Everything before the line containing "About the creator Victor Mayer" stays out; print that line and all lines below it through the last, exactly.

Source material:
<<<<
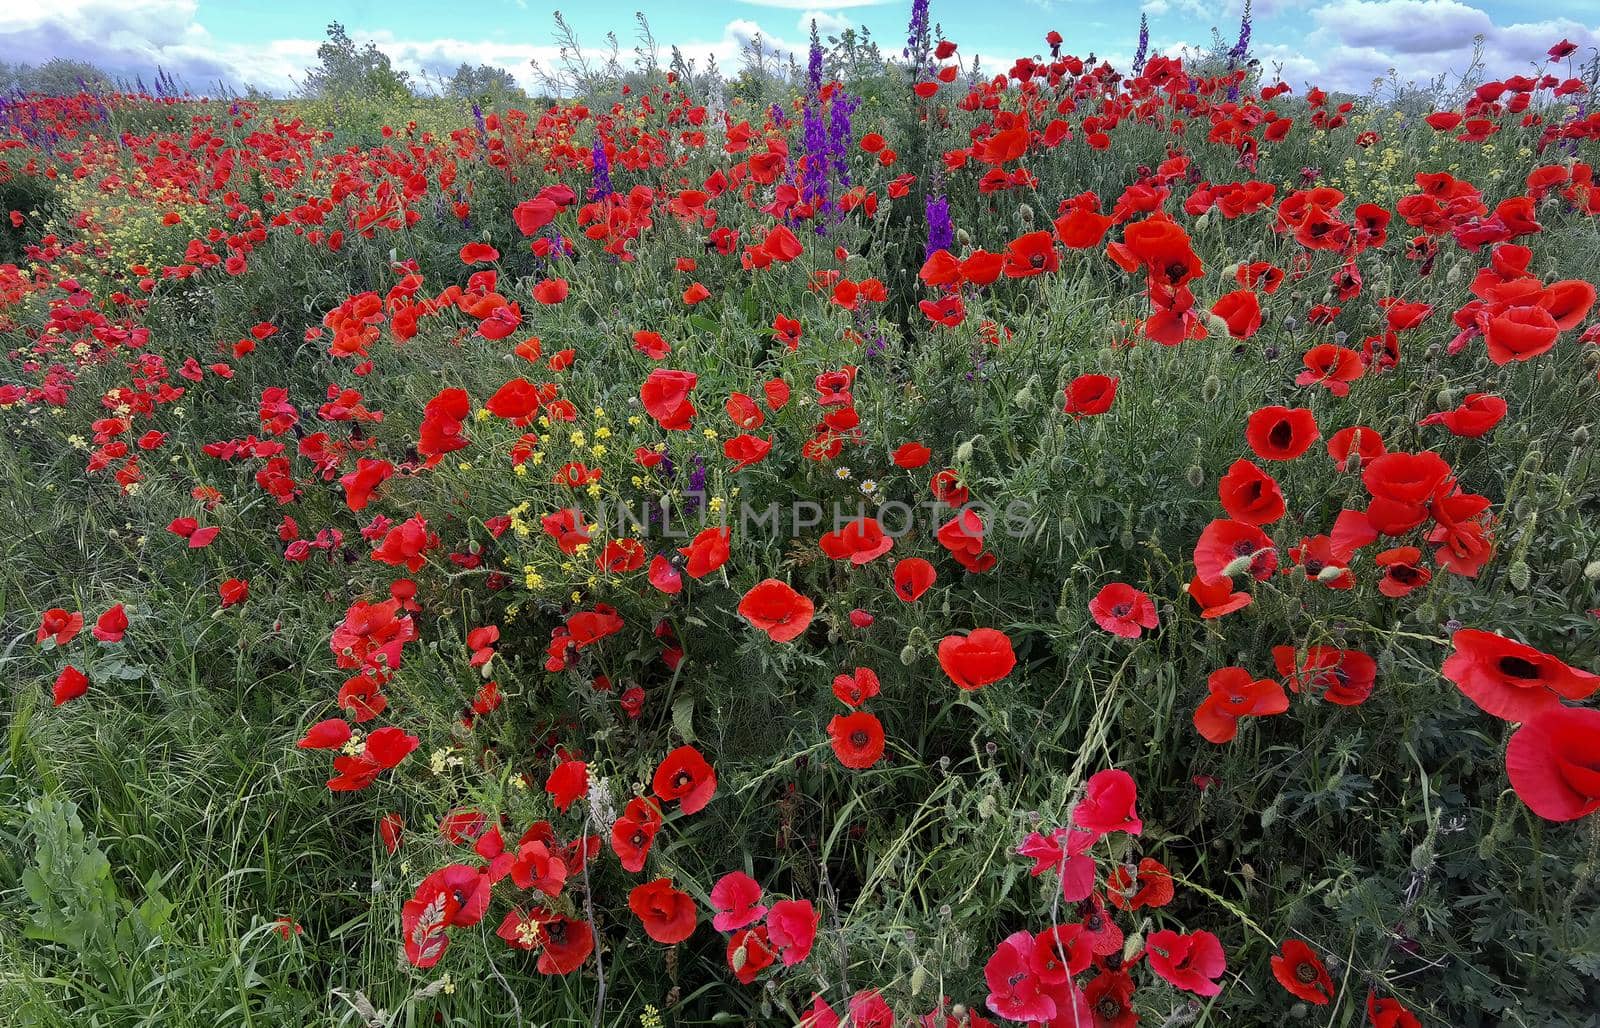 Purple flowers and poppies bloom in the wild fields. Beautiful rural flowers.
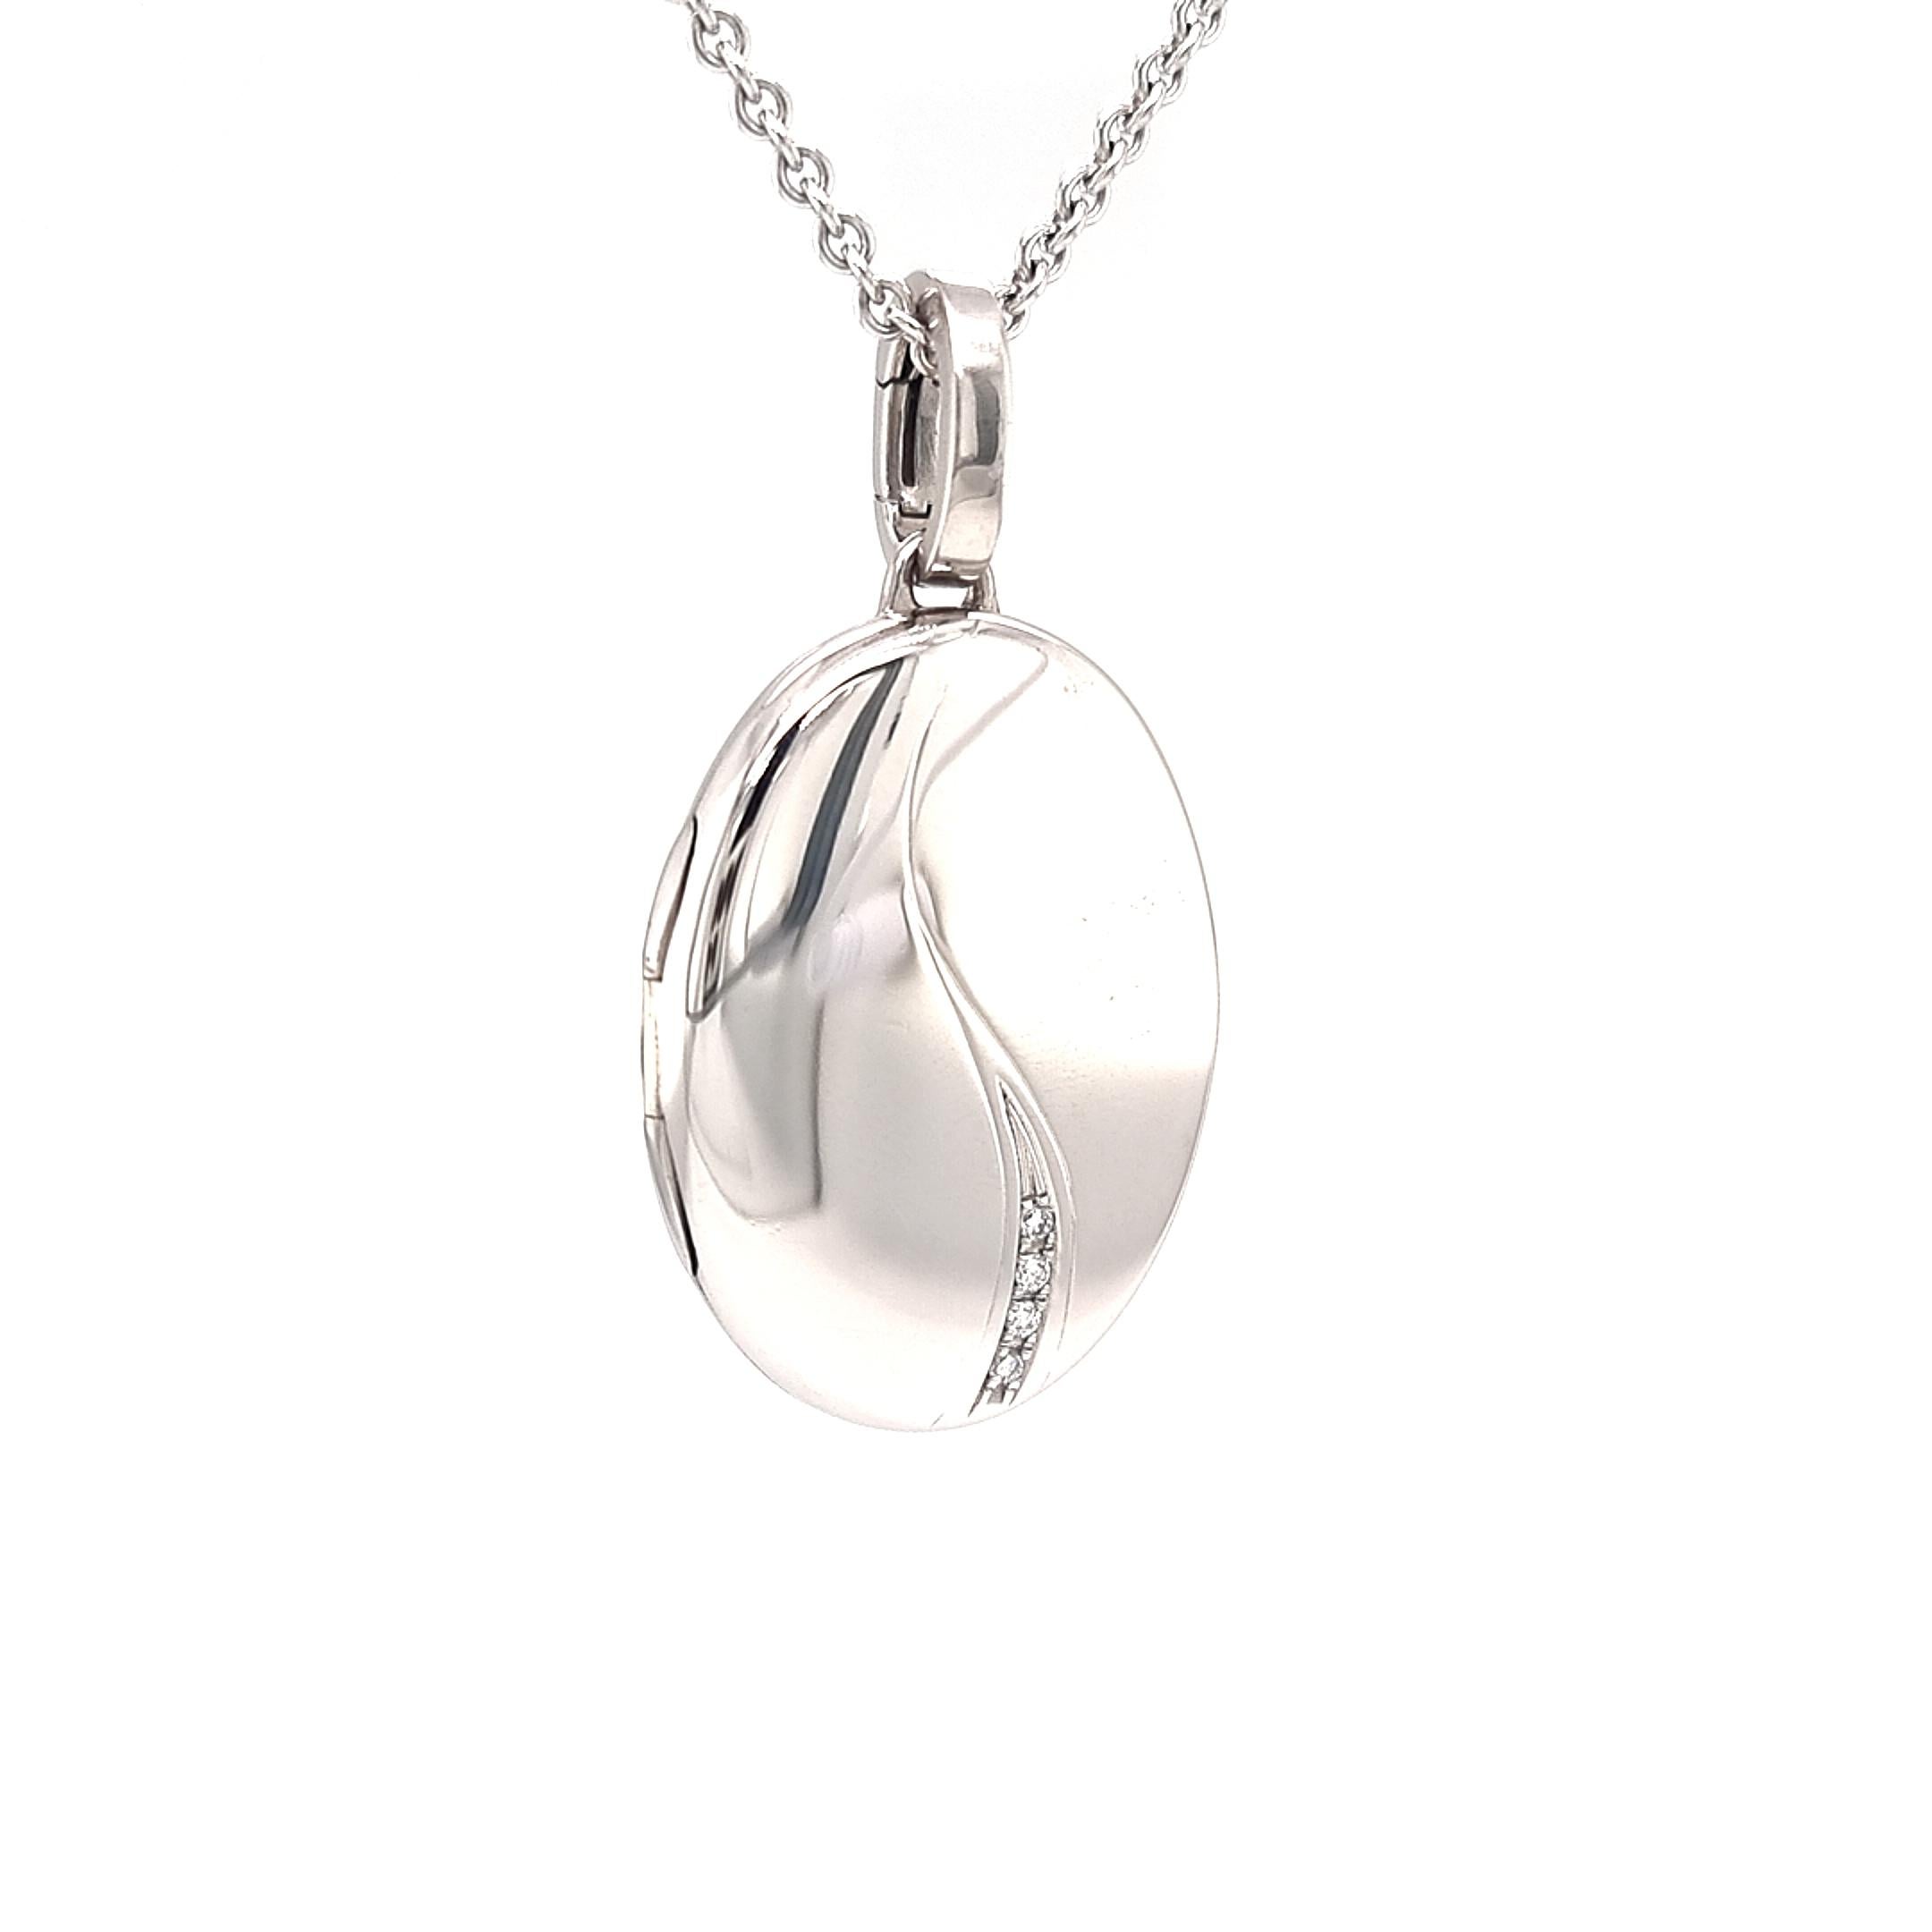 Oval locket pendant, Hallmark Collection by VICTOR MAYER, 18k white gold, solid version, 4 diamonds, total 0.04 ct, H VS with two picture frames, made in Germany

About the creator Victor Mayer
Victor Mayer is internationally renowned for elegant
>>>>
Output for this task:
About the creator Victor Mayer
Victor Mayer is internationally renowned for elegant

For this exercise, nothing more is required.